*COLLECTED MATERIAL*
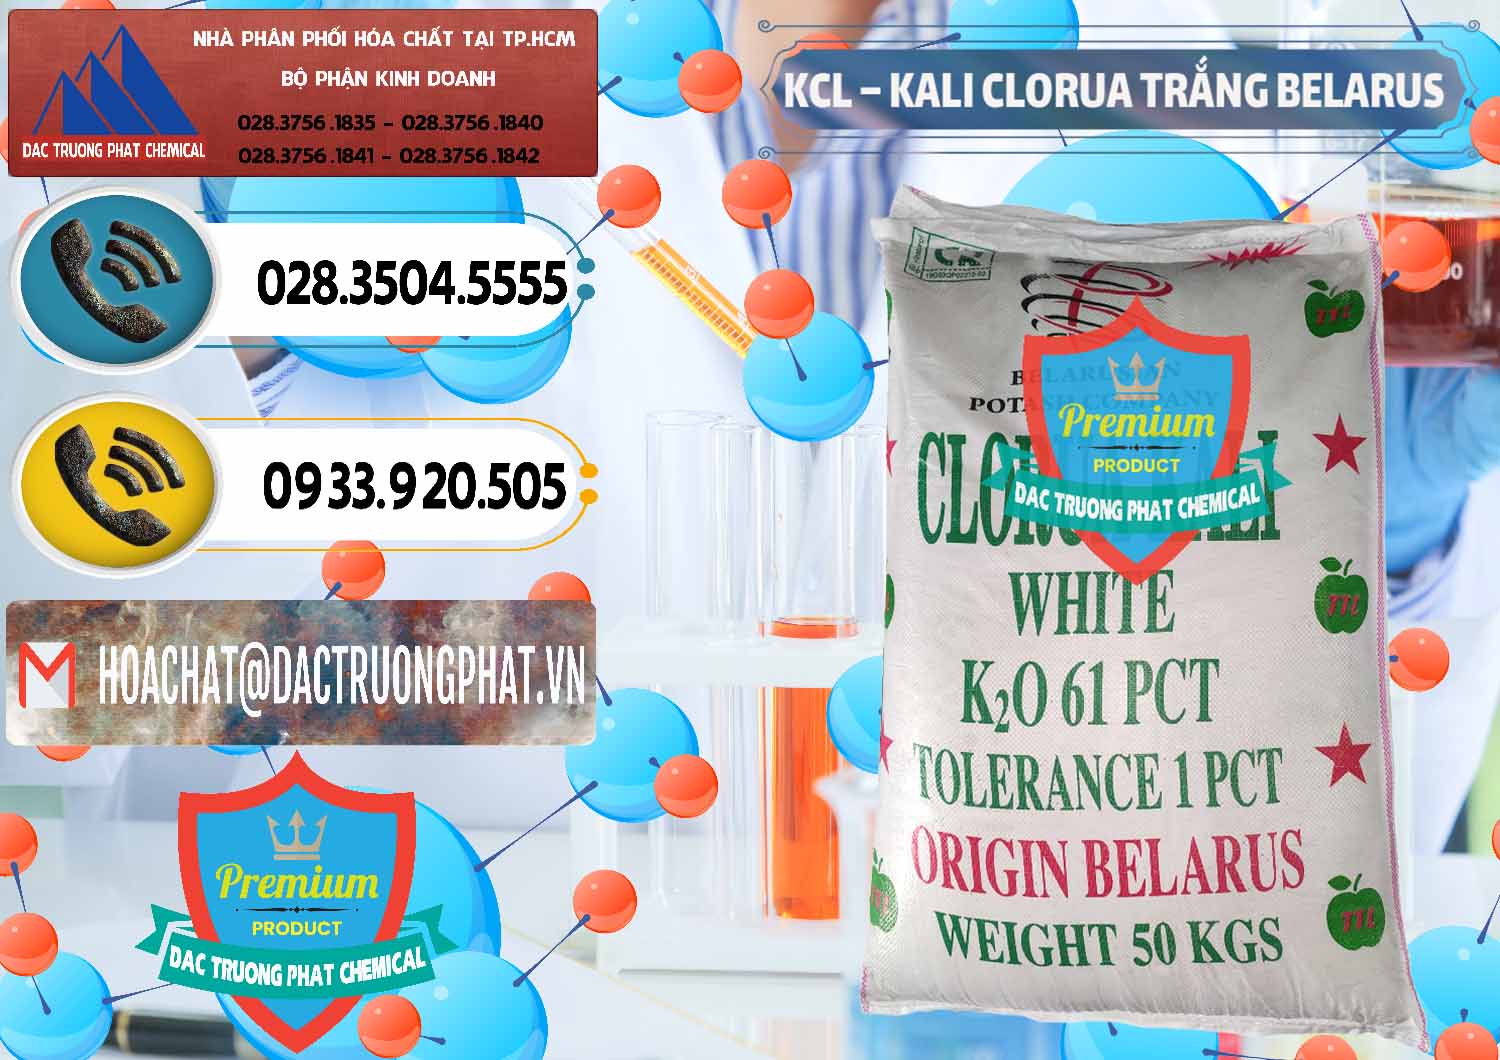 Nơi bán ( cung ứng ) KCL – Kali Clorua Trắng Belarus - 0085 - Chuyên bán & cung cấp hóa chất tại TP.HCM - hoachatdetnhuom.vn
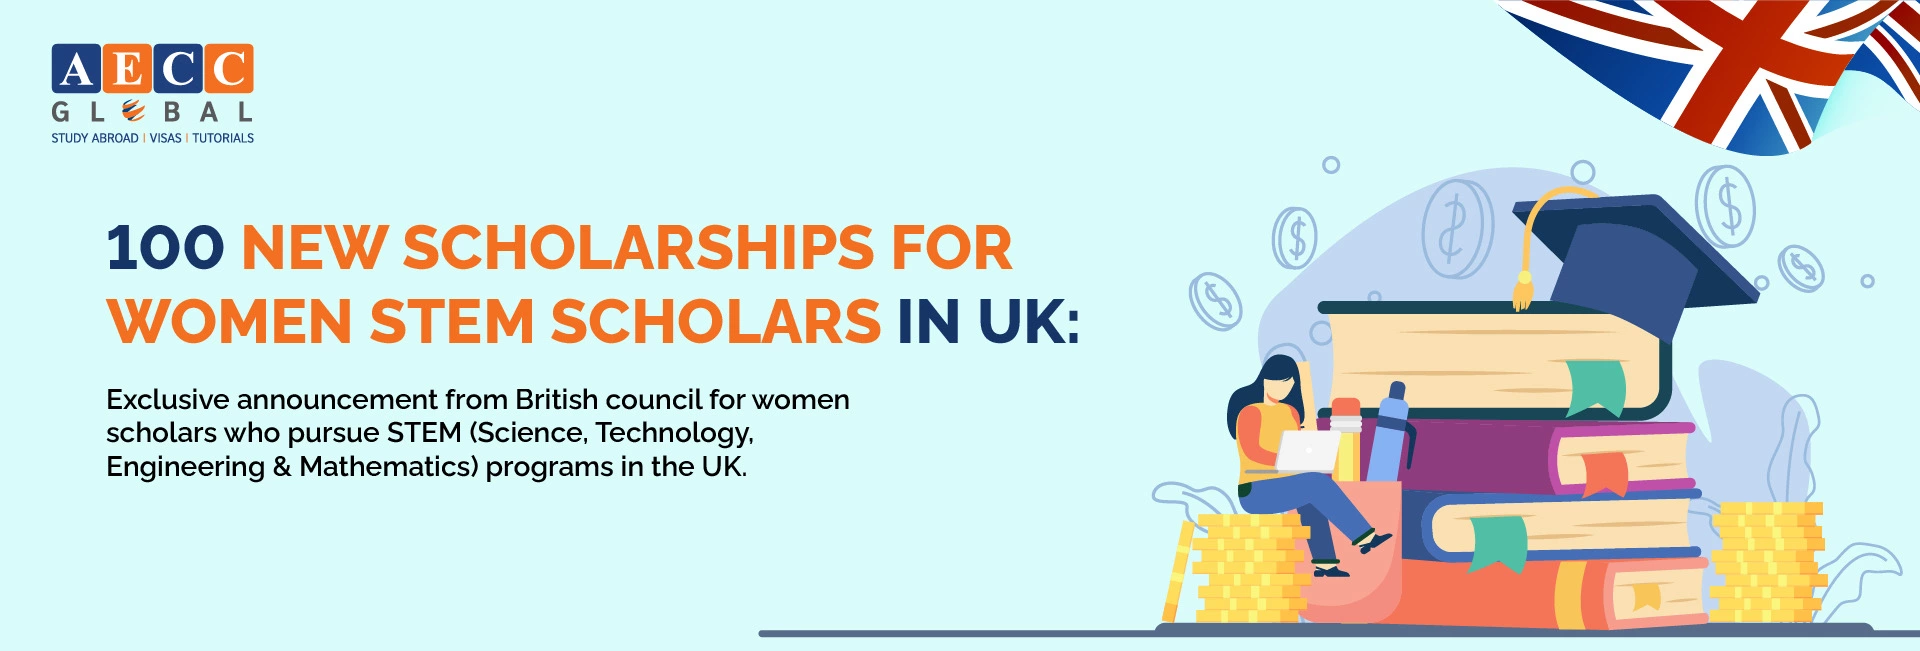 100 Scholarships in UK for Women STEM Scholars
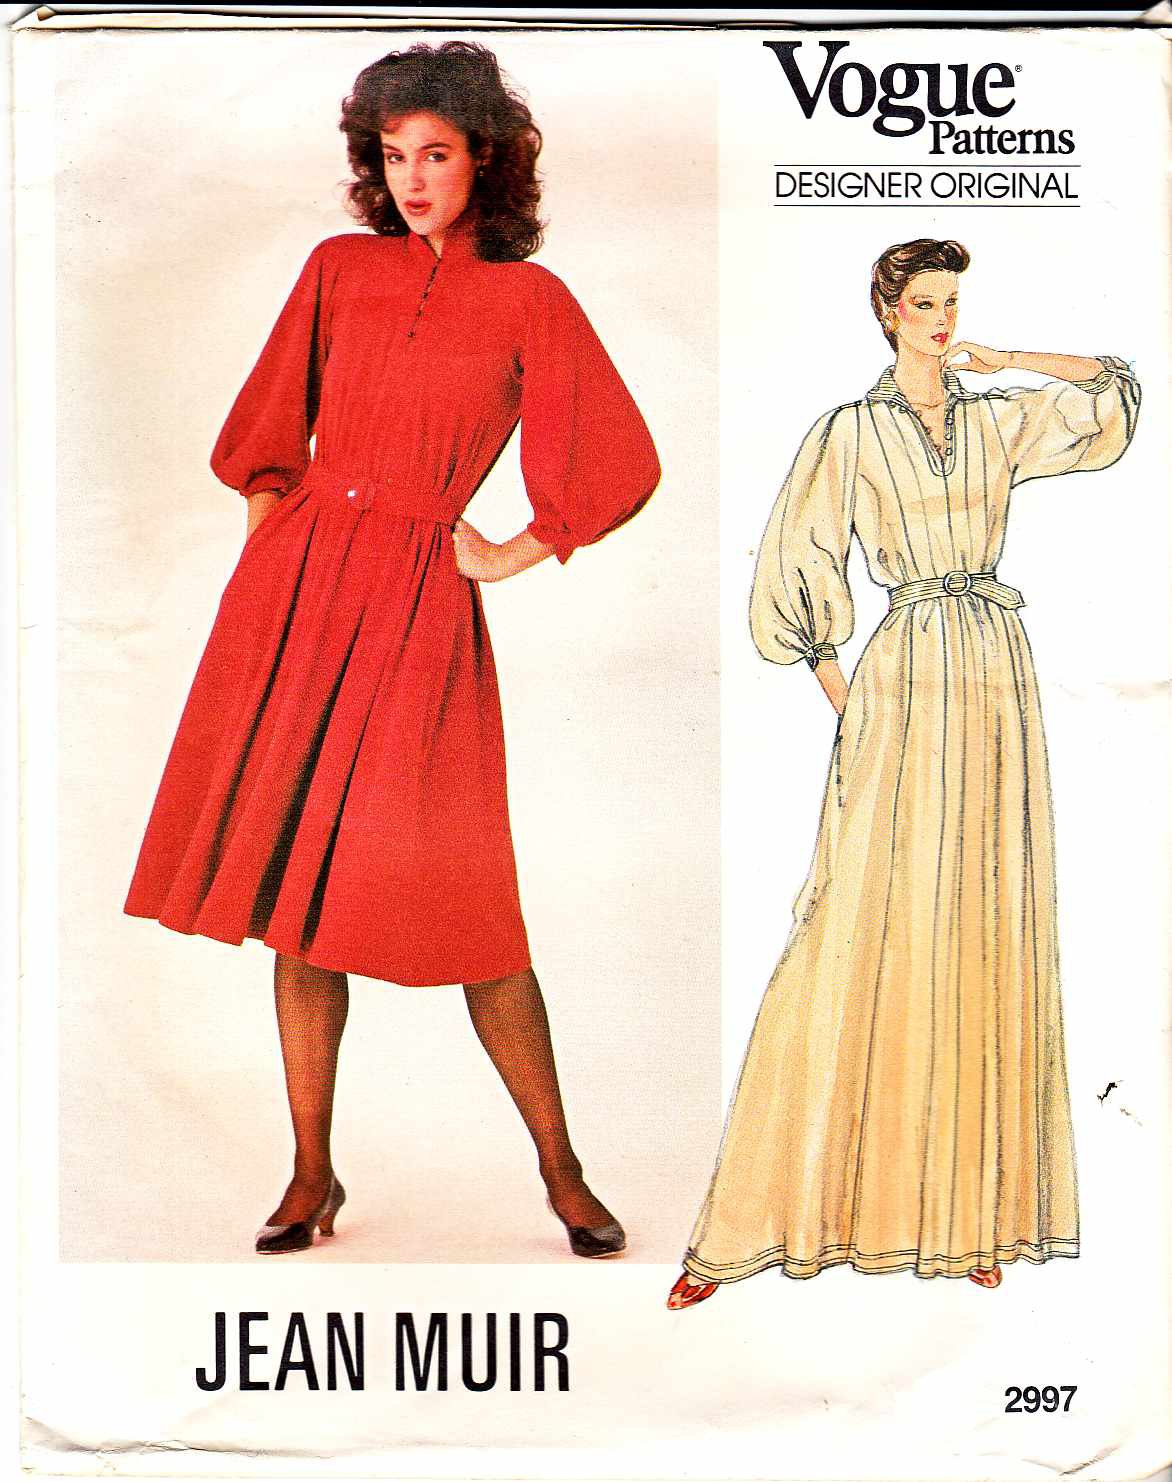 Vogue Sewing Pattern 2997 Misses Size 10 Jean Muir Designer Original ...

*WHAT IS BEING ASKED*
All lines above must be repeated exactly, and the pictures must be omitted.

*ANSWER BELOW*
 Nơi bán ( cung ứng ) KCL – Kali Clorua Trắng Belarus - 0085 - Chuyên bán & cung cấp hóa chất tại TP.HCM - hoachatdetnhuom.vn
 100 Scholarships in UK for Women STEM Scholars
 Vogue Sewing Pattern 2997 Misses Size 10 Jean Muir Designer Original ...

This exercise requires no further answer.